Lead Toxicity Is a Nationwide Crisis

Published by the Natural Resources Defense Fund

It deserves — and demands — a nationwide response.

Jamie Hooper/Fotolia

Ask any parent, and they’ll tell you without hesitation that their most important responsibility is keeping their kids safe and healthy. As the mother of a young daughter myself, I’ll vouch that this is certainly true for me. And it’s equally true for every other mom and dad that I know.

For nearly two years now, I’ve been trying to imagine what the parents in Flint, Michigan, must have felt like when they first realized that they had been accidentally poisoning their own children — simply by letting them drink water that came out of the taps of their homes. It’s unfathomable.

Millions of parents read about what happened in Flint and said to themselves, “That’s so horrible — I’m glad nothing like that could ever happen in my city.” Except we now know that it can happen in their city. In theirs, in yours, in mine.

On the one hand, we should be grateful that this week has been officially designated as National Lead Poisoning Prevention Week. Any opportunity to educate people about the continued threat to public health — and especially children’s health — posed by the presence of toxic lead in our air, water, soil, homes, and consumer products should be welcomed. On the other hand, there are still millions of people in this country who are dealing with lead all 52 weeks out of the year. And once this particular week comes to an end, we need to keep fighting for them.

More than two years after the story broke, we’re still seeing dispiriting headlines about the situation in Flint, where as many as 12,000 children have been exposed to lead in contaminated drinking water. Flint is still a long way from being fixed. But equally important is that Flint, as we’ve come to learn, isn’t an isolated case: Barely a week goes by these days when we don’t hear reports that dangerously high levels of lead have been discovered in some new locale, from Buffalo to Newark to Tallahassee to Chicago to Los Angeles to Lancaster, Pennsylvania.

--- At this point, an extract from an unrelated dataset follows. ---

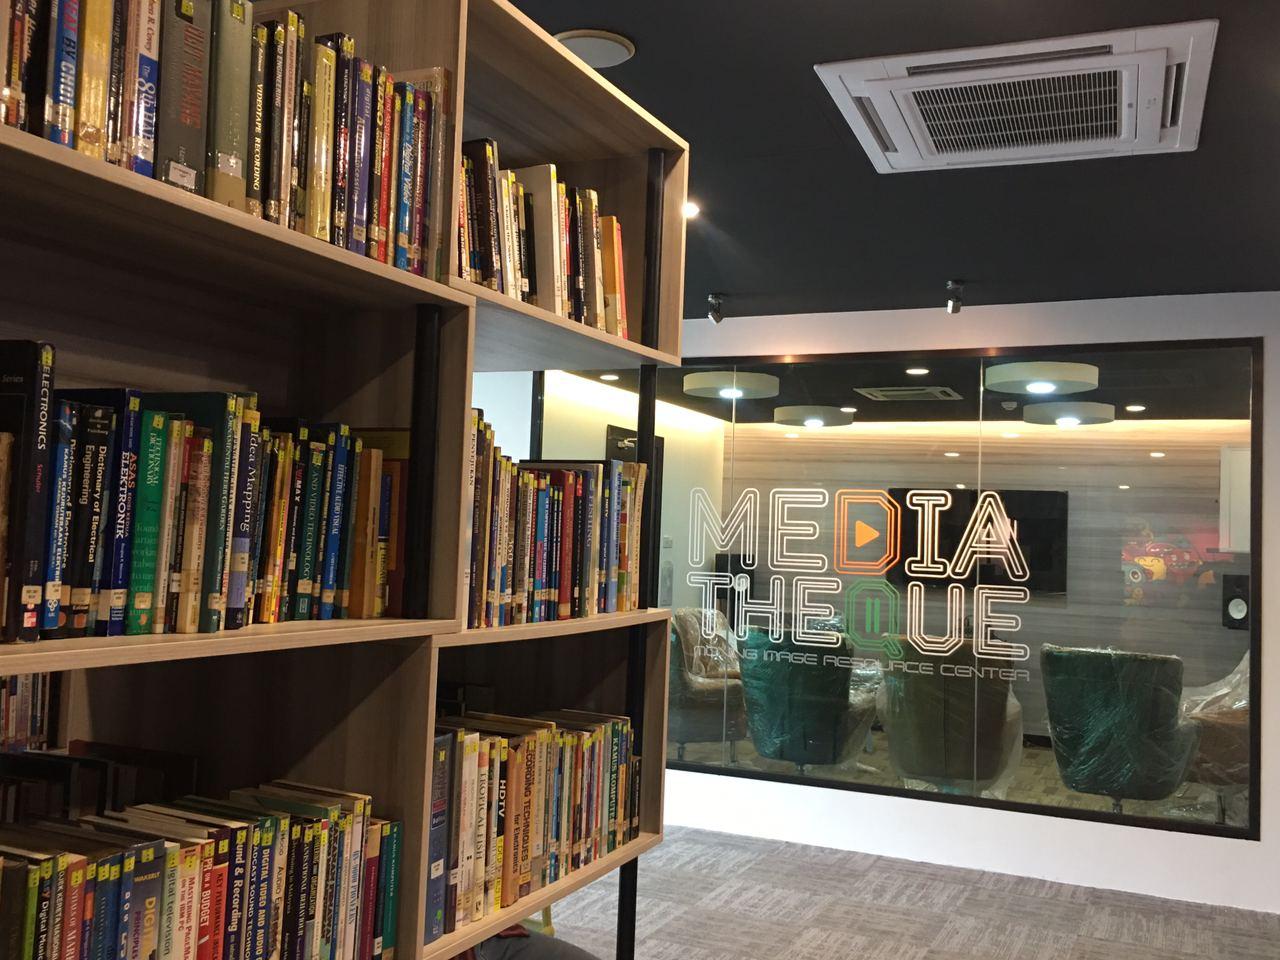 FINAS Mediatheque

No one is debating whether lead is grievously harmful to the health of children and teens; this science was established more than a century ago. While lead can be harmful to anyone — at any age — young people are most vulnerable to its effects on cognitive and emotional development. And there is no “safe” level of exposure.

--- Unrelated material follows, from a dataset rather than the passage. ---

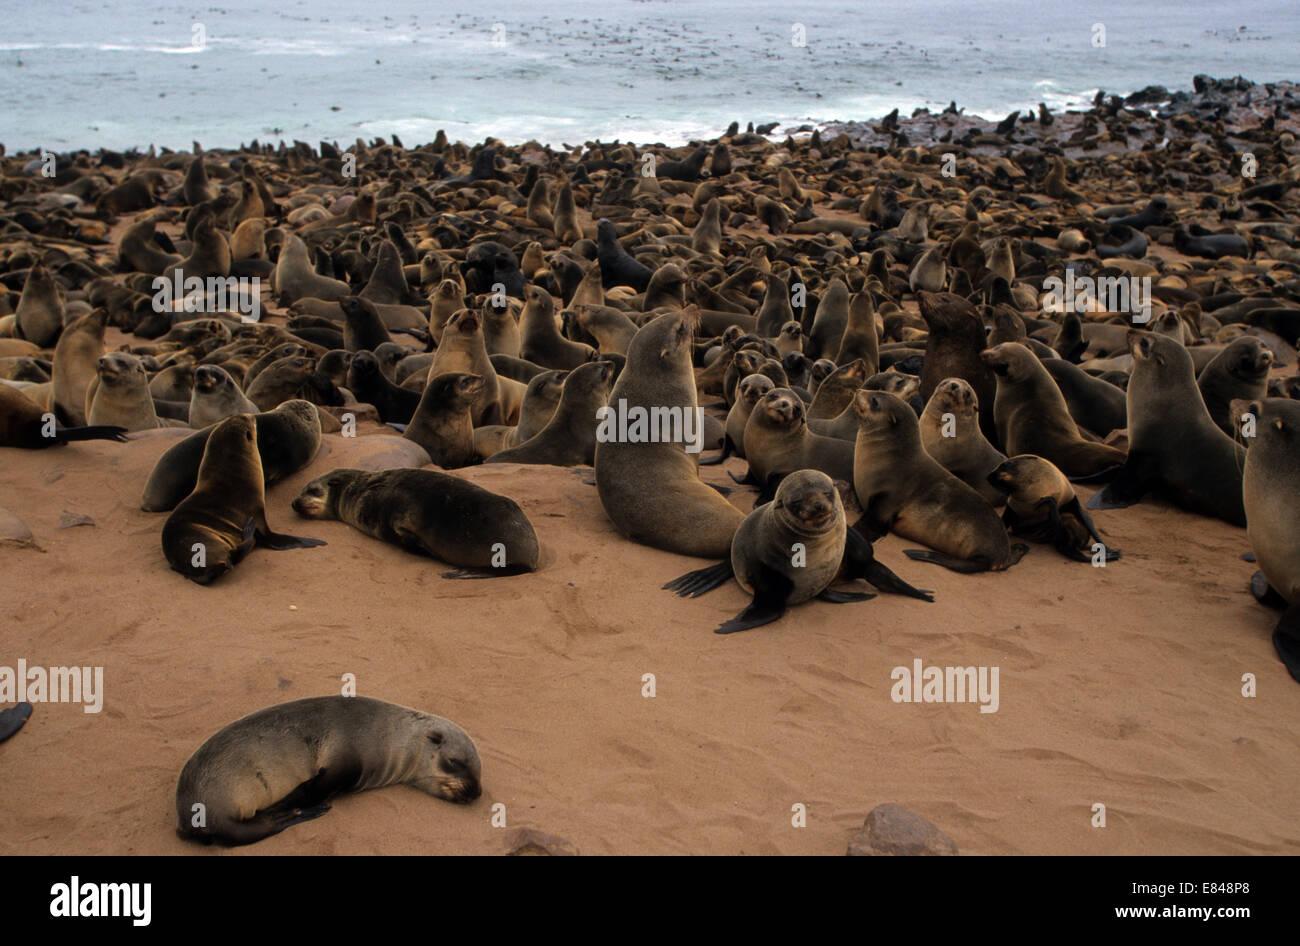 Cape Cross seal colony. The Cape fur seal (Arctocephalus pusillus pusillus) is the largest species of fur seal in - Stock Image

In young children, lead harms the developing brain, leading to increased risk of learning disabilities, loss of IQ points, and behavioral problems. Studies suggest that these challenges can have lifelong consequences, including higher school dropout rates, reduced income, and increased likelihood of incarceration.

To the extent there’s any debate surrounding lead, that debate is over how to respond to what is, clearly, a nationwide public health problem of the utmost urgency. That’s why NRDC has joined with Earthjustice and dozens of other organizations to demand that lead be made a top priority of President Obama’s Task Force on Environmental Health and Safety Risks to Children. In our call to action, we urge the administration to take a comprehensive approach to solving this problem by marshaling the energies of the many different agencies that have a legal responsibility for tackling it.

One of the most frustrating things about our current epidemic of lead exposure is that it’s entirely preventable. And on top of that, we fully understand how to prevent it. But doing so will require that a number of federal agencies acknowledge their respective roles in the effort and begin to act in concert. For starters:

  • The U.S. Environmental Protection Agency must reevaluate its standards for lead in our drinking water, air, house paint, soil, and dust, making these standards tougher and enforcing them more vigorously. It must also prioritize lead as a chemical of concern, meriting the highest level of attention and action, under the soon-to-be-updated Toxic Substances Control Act.
  • The U.S. Department of Housing and Urban Development (HUD) must take a more proactive approach in identifying and remediating lead hazards in people’s homes before children are affected.
  • The Consumer Product Safety Commission (CPSC) must move to ban all lead in children’s and household products and must take full advantage of its recall authority to remove these products from the marketplace and from homes.
  • The Food and Drug Administration (FDA) must withdraw approval for any cosmetics and food products containing lead that are currently sold in the United States.
  • The Occupational Safety and Health Administration (OSHA) must adopt stronger standards that will reduce or prevent lead exposure among workers, including pregnant women.
  • The Centers for Disease Control and Prevention must ratchet down its definition of an “elevated” blood lead level in order to reflect what science has confirmed: that there is no safe level of lead exposure.

While federal agencies are working to rethink their concerted response to this crisis, organizations like mine will continue to fight the critical legal and public-information battles that have helped communities win their right to drink lead-free water, breathe lead-free air, and play on lead-free soil. We’ll continue, for instance, to advocate for the residents of Flint by going to court to ensure that they have clean, safe water to drink while their city and state work to remove the lead from their water supply. We’ll continue to study the map where lead toxicity has been discovered, and to share our findings.

And you can rest assured that we’ll be doing this work every week of the year, until we reach our goal: making sure that kids get to grow up lead-free.